Required action:
Below is a listing. Set down exactly the lines from the one containing "Tesla Gigafactory UK?" through the one containing "タイル顔料アンカー滋養導入美容液 ヒョヨン?ジャヤン導入美容液 ざくろ乳酸菌発酵液92.98%配合", both ends included, and leave out the rest.

══ Stored data

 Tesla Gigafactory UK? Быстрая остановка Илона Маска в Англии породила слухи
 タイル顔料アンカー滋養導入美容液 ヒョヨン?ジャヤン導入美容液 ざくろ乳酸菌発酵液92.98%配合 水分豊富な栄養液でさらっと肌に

════
══ Stored data

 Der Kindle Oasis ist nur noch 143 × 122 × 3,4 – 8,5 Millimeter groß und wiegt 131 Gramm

════
══ Stored data

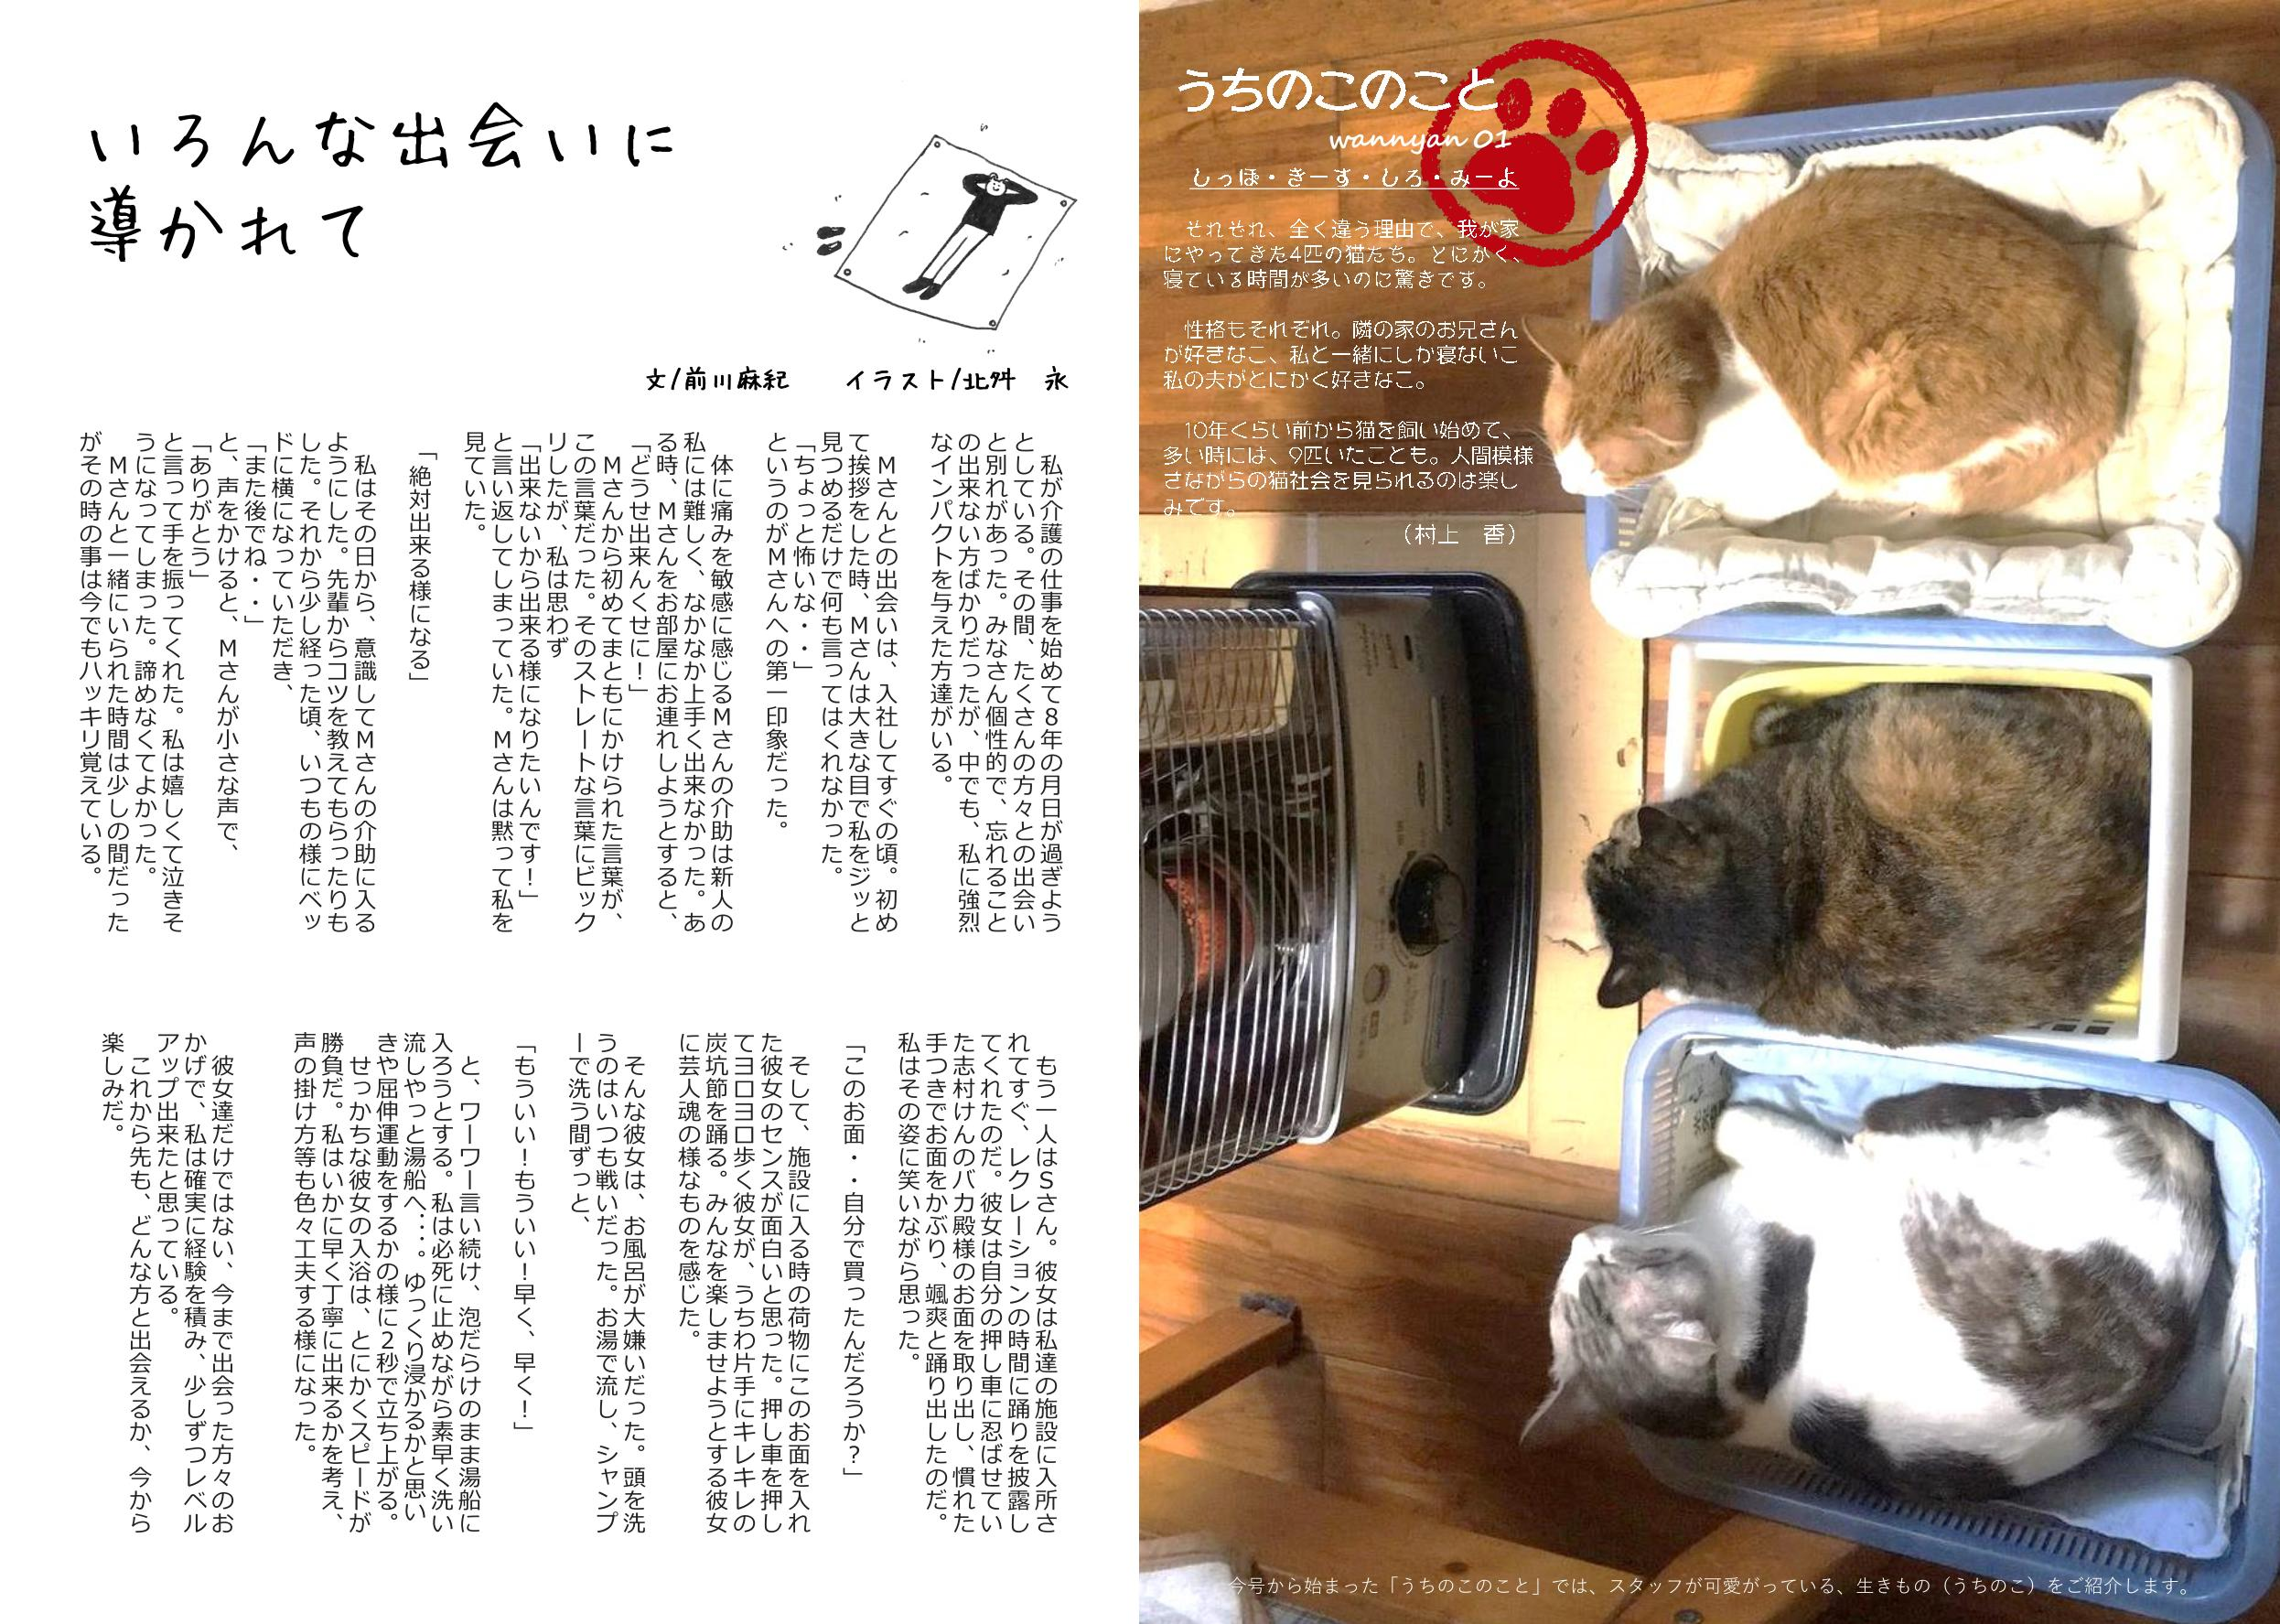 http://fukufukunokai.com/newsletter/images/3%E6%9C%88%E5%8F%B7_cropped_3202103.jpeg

════

Finished exercise:
 Tesla Gigafactory UK? Быстрая остановка Илона Маска в Англии породила слухи
 タイル顔料アンカー滋養導入美容液 ヒョヨン?ジャヤン導入美容液 ざくろ乳酸菌発酵液92.98%配合 水分豊富な栄養液でさらっと肌に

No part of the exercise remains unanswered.